◆ **WORK TASK**
Transcribe all the data below exactly, leaving its pictures out.

◆ **DATA PROVIDED**
□ □ □ □ □

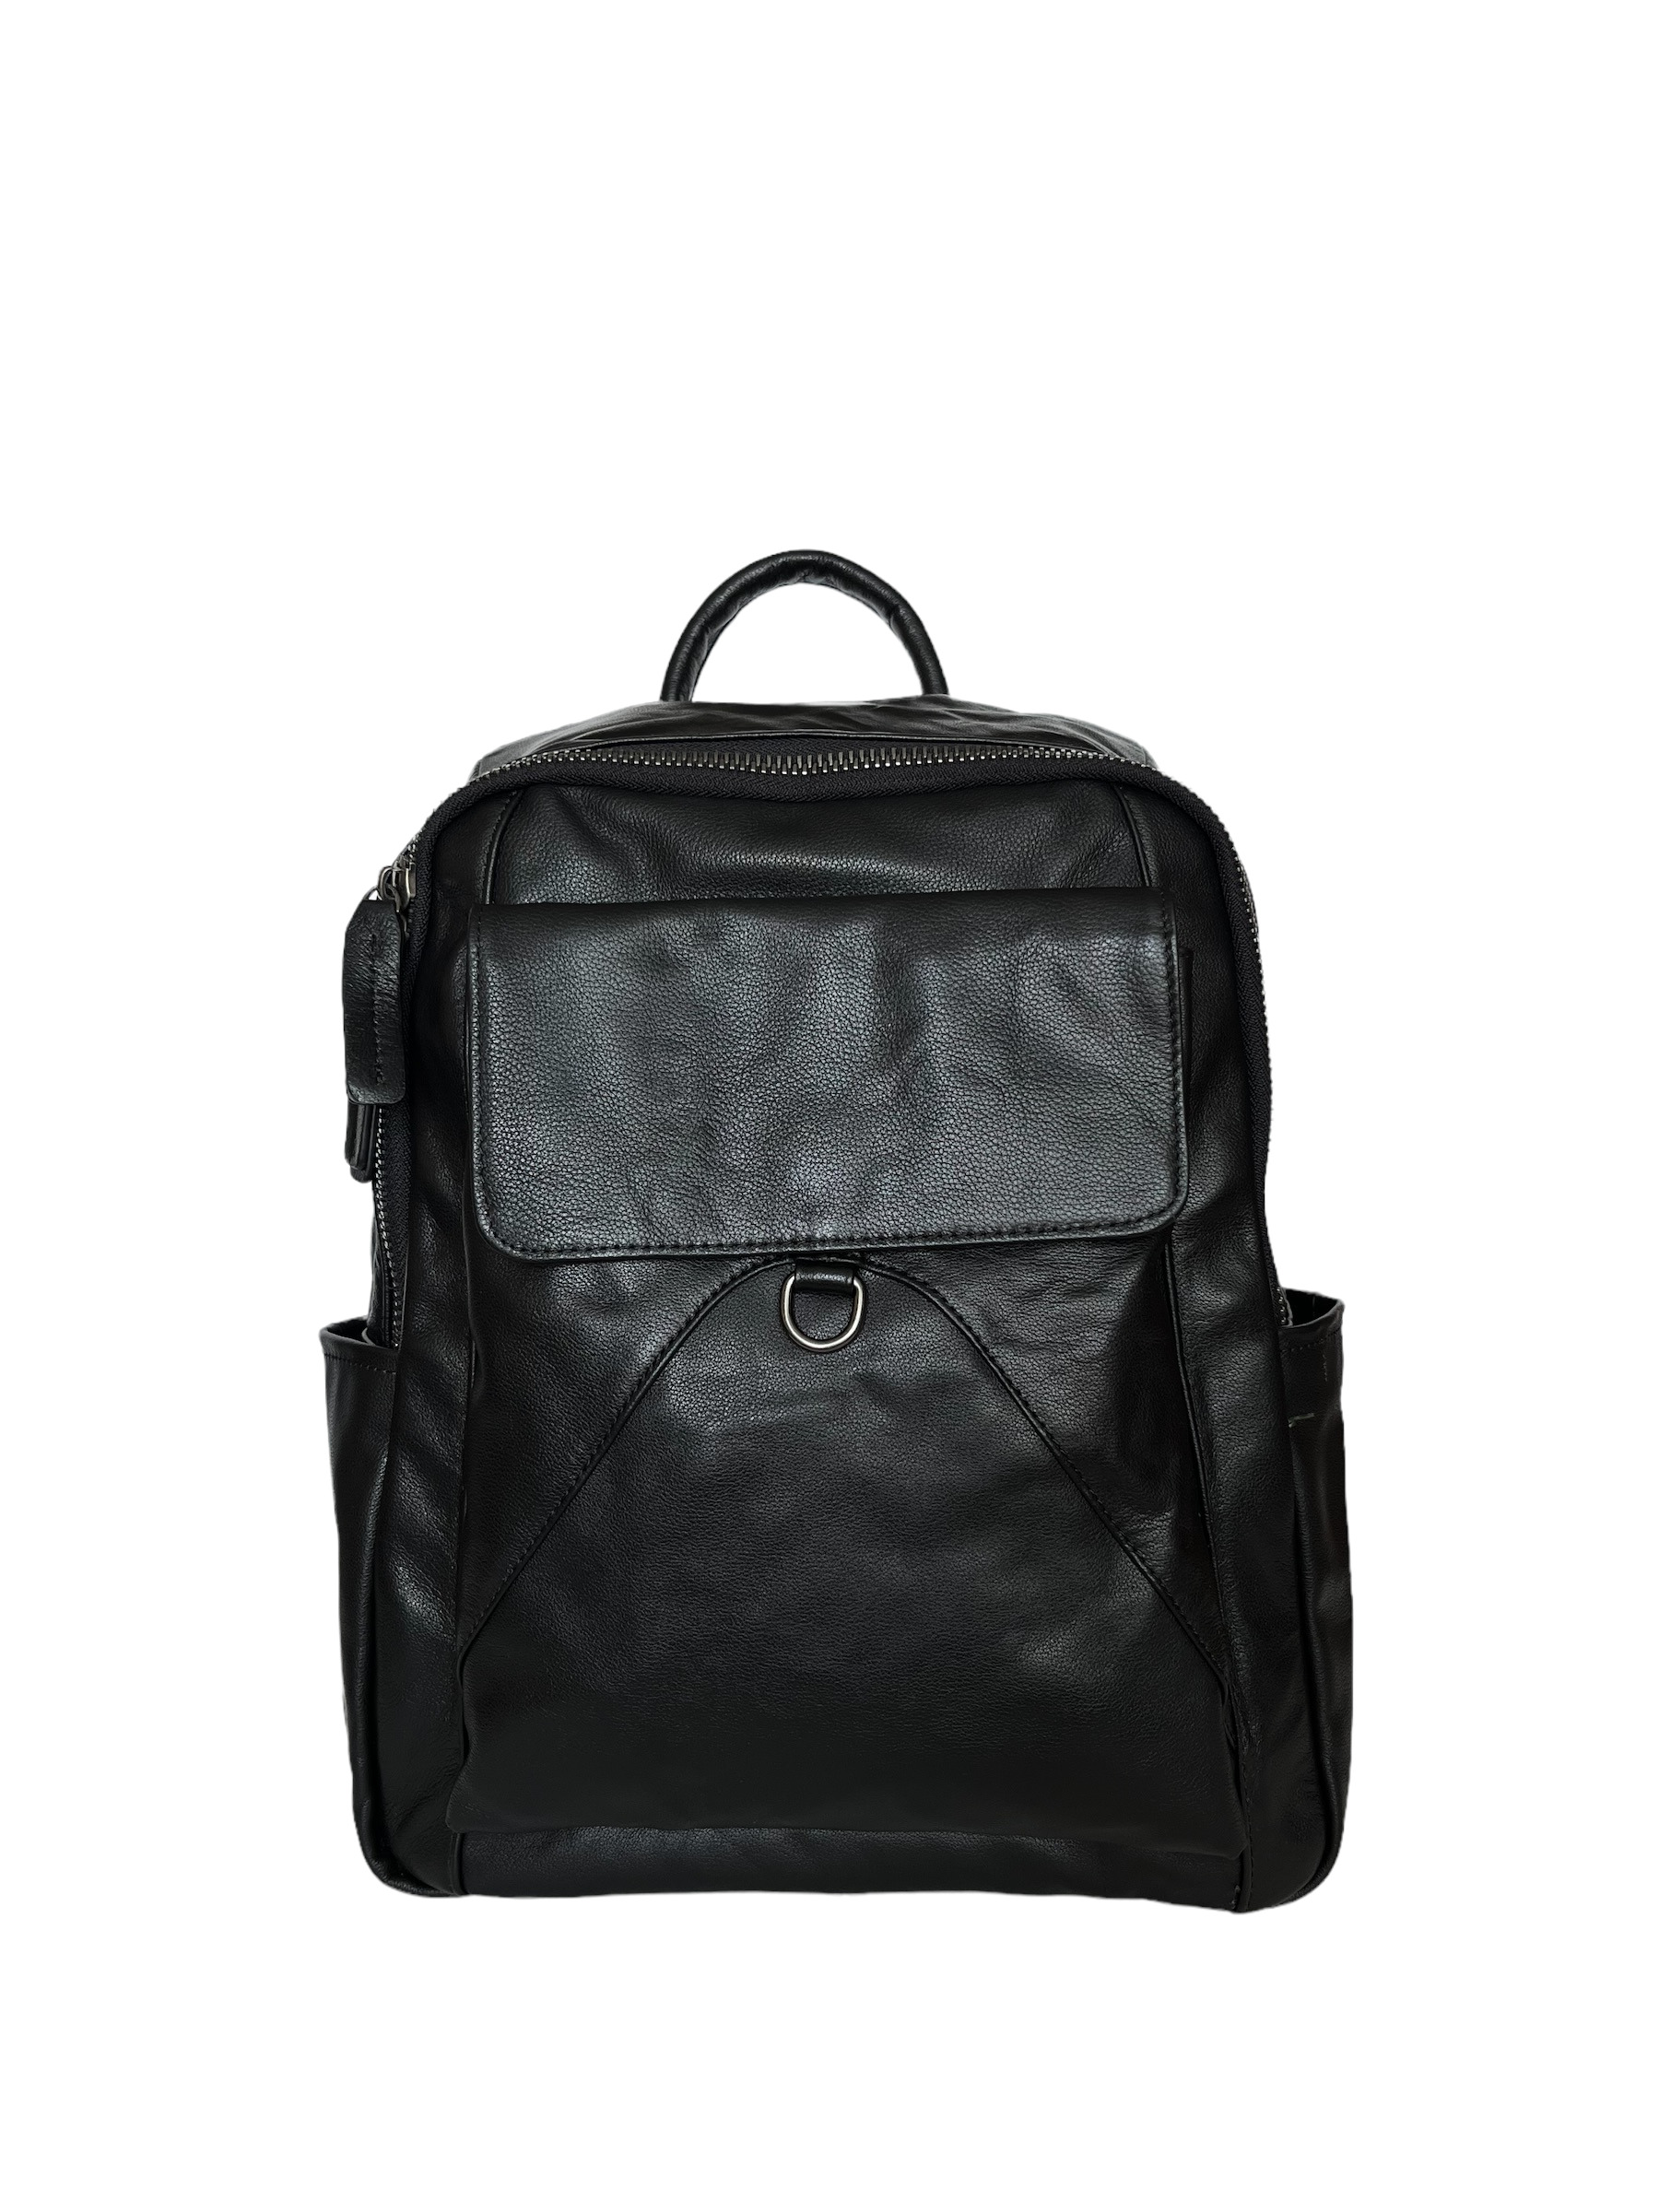 Рюкзак Capri CAP-81-9157 черный, 38x27x14 см
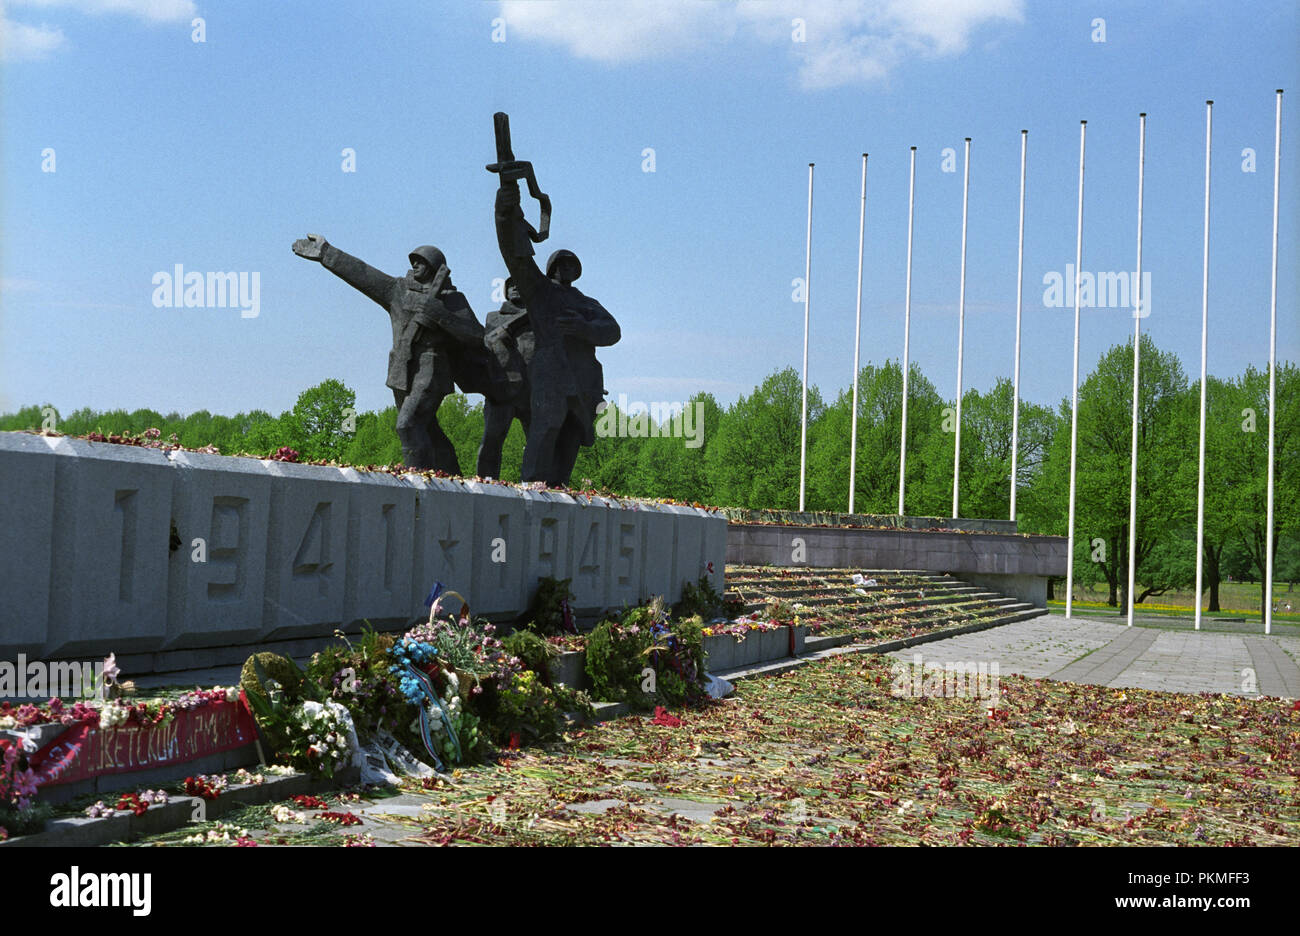 Monument commémoratif de guerre soviétique à Riga Lettonie Mai 2007 érigé en 1985 pour commémorer la victoire de l'armée soviétique sur l'Allemagne nazie pendant la Seconde Guerre mondiale Banque D'Images
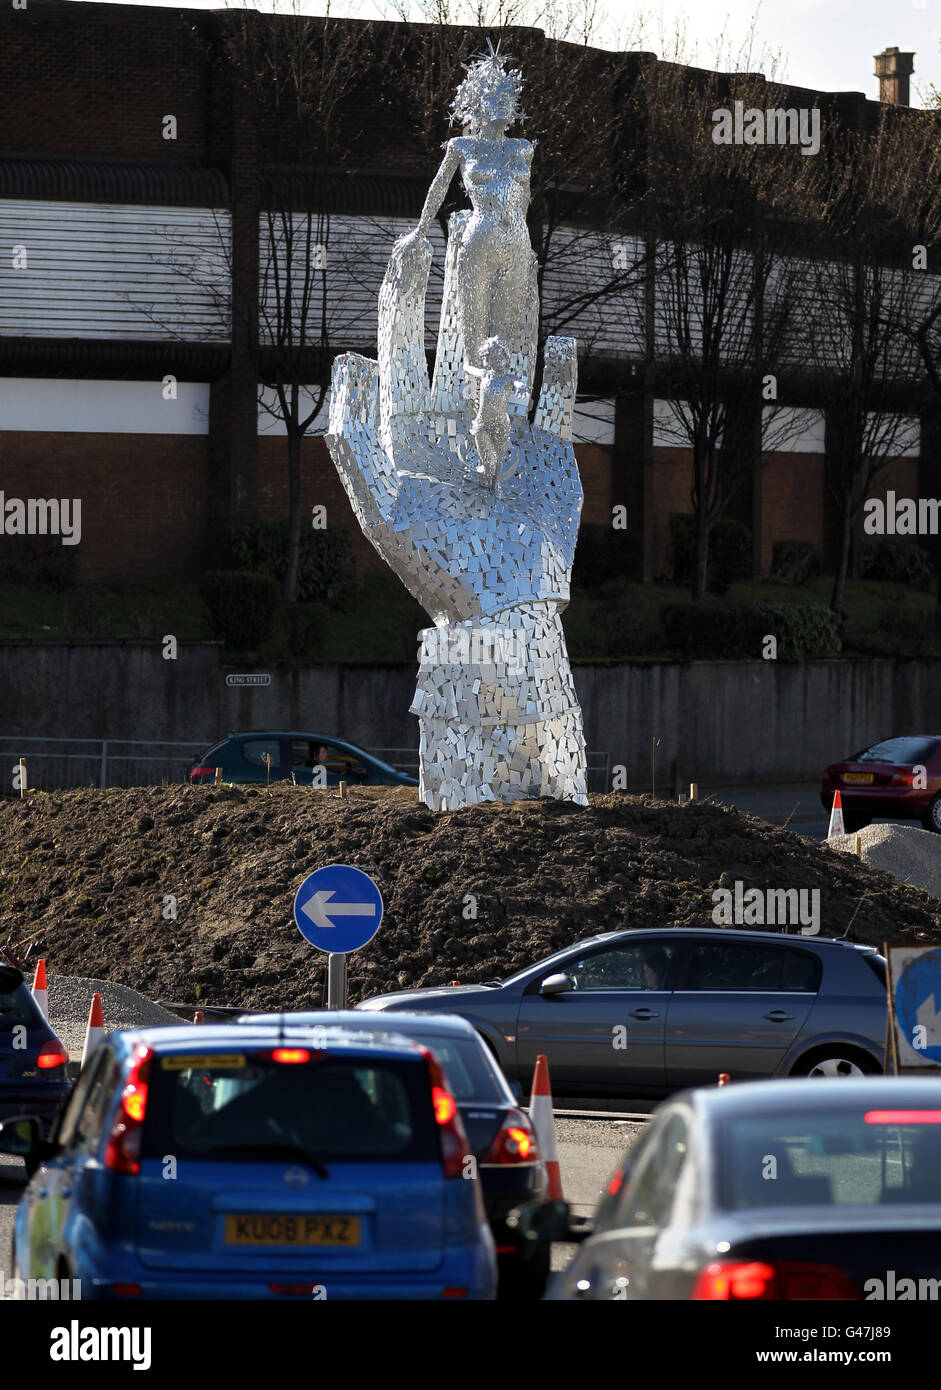 Una scultura in acciaio alta 8m di una mano gigante che sostiene una donna e un bambino chiamato 'Lifeline' dall'artista Andy Scott, ispirato dal lavoro dei servizi di emergenza, è stato installato oggi alla rotonda di Shillinghill in Alloa. Foto Stock

□ □ □ □ □

◆ **PROBLEM SOLUTION**
 Рюкзак Capri CAP-81-9157 черный, 38x27x14 см
 Monument commémoratif de guerre soviétique à Riga Lettonie Mai 2007 érigé en 1985 pour commémorer la victoire de l'armée soviétique sur l'Allemagne nazie pendant la Seconde Guerre mondiale Banque D'Images
 Una scultura in acciaio alta 8m di una mano gigante che sostiene una donna e un bambino chiamato 'Lifeline' dall'artista Andy Scott, ispirato dal lavoro dei servizi di emergenza, è stato installato oggi alla rotonda di Shillinghill in Alloa. Foto Stock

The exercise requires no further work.